Background Type 1 diabetes mellitus (T1DM) is a rare but serious immune-related adverse event (irAE) of immune checkpoint inhibitors (ICIs).1 Our goal was to characterize treatment outcomes with ICI-induced T1DM through analysis of clinical and immunological data.

Methods This was a single-center case series of patients with solid tumors at Huntsman Cancer Institute (HCI) who received ICIs and subsequently had a new diagnosis of T1DM. The enterprise data warehouse at the University of Utah used ICD codes (ICD-10-CM E10 and ICD9CM 250.01) to identify patients for chart review to confirm ICI-induced T1DM. Serial blood specimens were studied for proteomic and immunophenotypic changes.

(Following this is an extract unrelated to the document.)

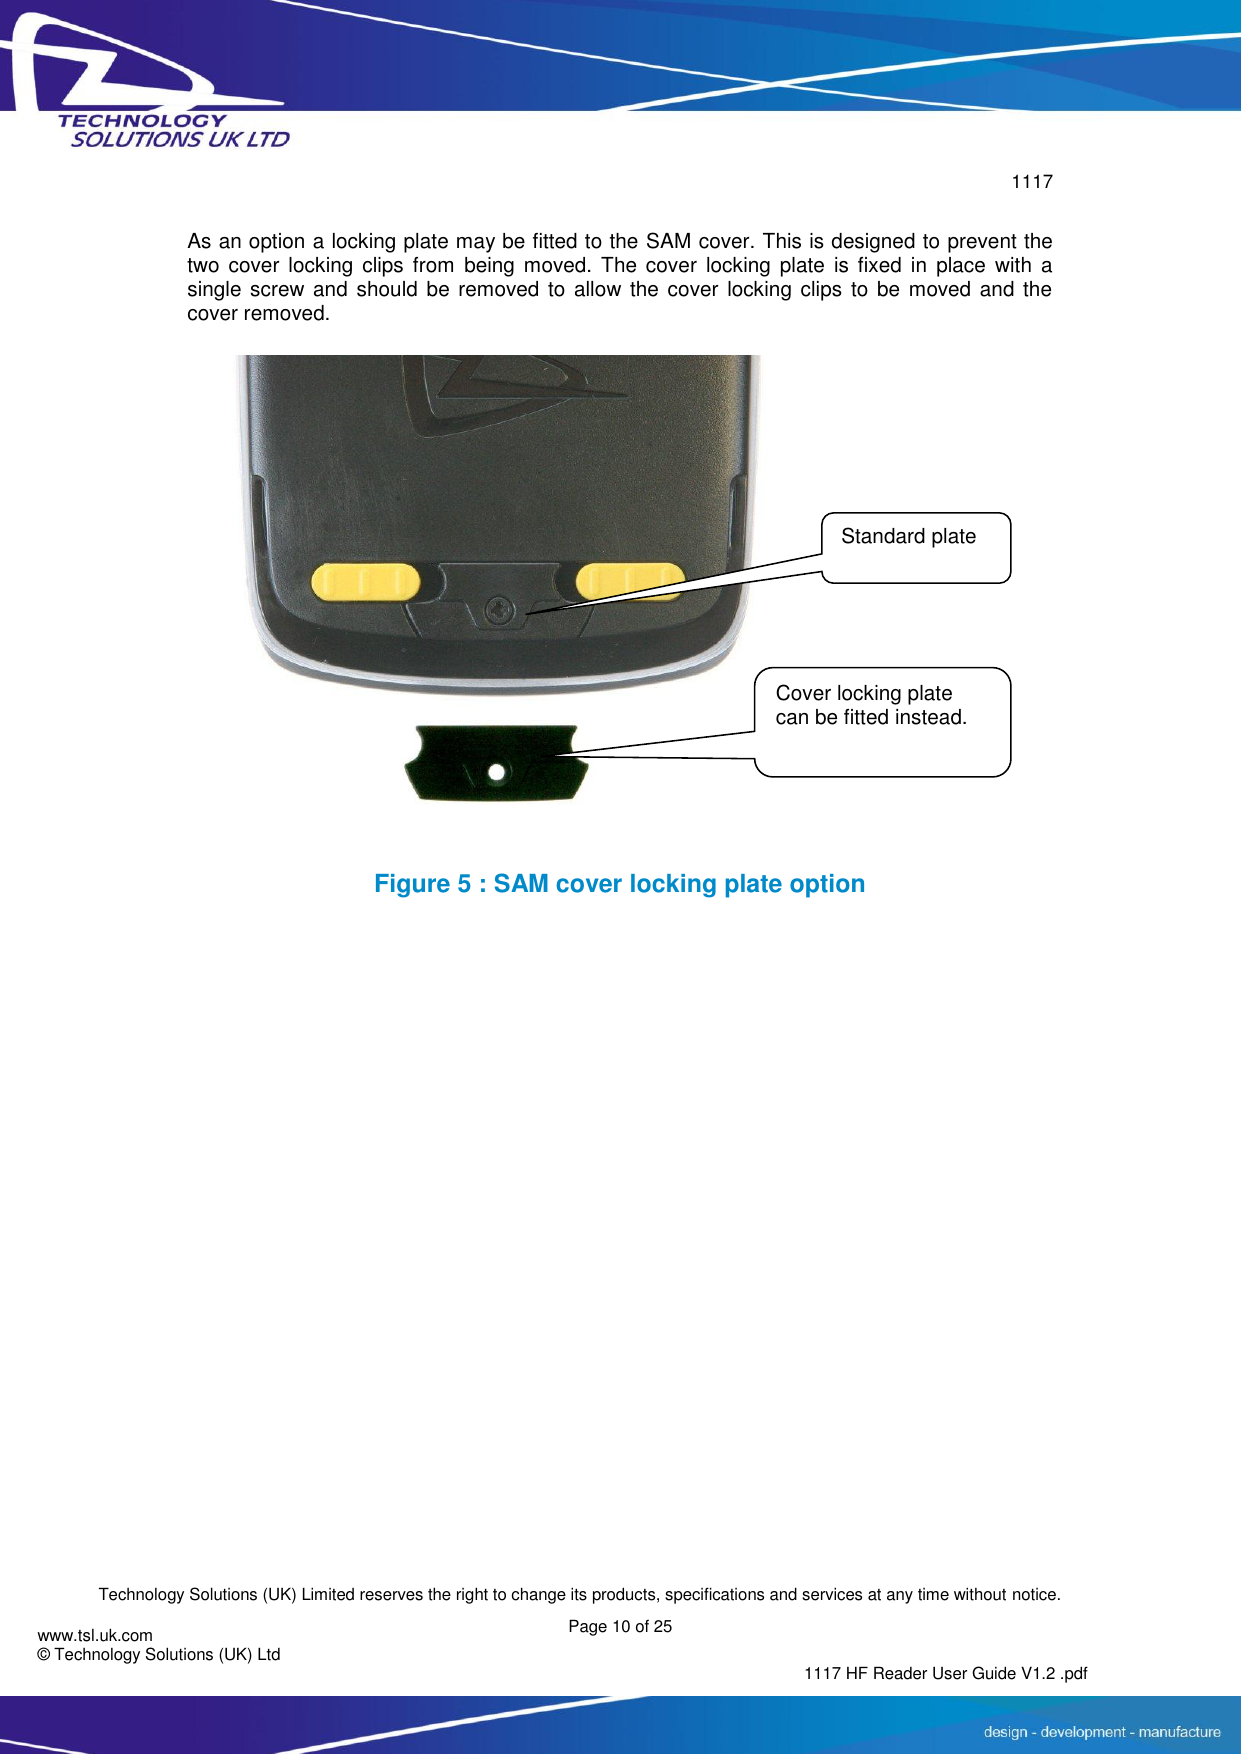        1117  Technology Solutions (UK) Limited reserves the right to change its products, specifications and services at any time without notice. Page 10 of 25 1117 HF Reader User Guide V1.2 .pdf www.tsl.uk.com © Technology Solutions (UK) Ltd   As an option a locking plate may be fitted to the SAM cover. This is designed to prevent the two cover  locking clips  from  being  moved. The  cover  locking  plate  is  fixed  in  place  with  a single screw and should be  removed to allow the cover locking  clips  to  be  moved and the cover removed.  Figure 5 : SAM cover locking plate option     Standard plate Cover locking plate can be fitted instead.

Results Between April 14, 2011 and July 15, 2021, 37 of 2745 patients who received ICIs at HCI had a T1DM diagnosis after the first cycle. 8 were confirmed to have ICI-induced T1DM (0.3%), including 3 with melanoma. An additional 5 cases with melanoma were identified by chart review only (table 1). Average age at onset was 54.5 years. 10 of 13 patients received anti-PD1 monotherapy (6 pembrolizumab, 4 nivolumab), 2 received pembrolizumab plus chemotherapy or enzalutamide, and 1 received ipilimumab plus nivolumab. Only 1 received prior ICI (ipilimumab). Median time to onset was 6.4 months (range 0.7-13.7). 10 patients presented with diabetic ketoacidosis (77%) (table 2). Of 6 patients who had autoantibodies tested at onset, only one had elevated anti-glutamic acid decarboxylase. At median follow-up of 24.3 months (range 13.1-66.4), no melanoma patients had progressed nor died, including 6 who received adjuvant and 2 who received active treatments (1 complete response, 1 partial response). Median progression free survival and overall survival were not reached. The 5 patients with other cancers received active treatments (1 partial response, 2 stable disease and 2 disease progression), and 3 died. All patients became permanently insulin-dependent. Further analysis by Olink and CyTOF of serial blood (baseline, pre-irAE, peak-irAE) from 3 ICI-induced T1DM patients, and baseline blood from 6 patients who received anti-PD1 but did not develop irAE, is ongoing and will be presented. Preliminary data suggest lower IL6 and OSMR (in IL-6 signaling) in baseline samples from patients who developed T1DM, among other changes.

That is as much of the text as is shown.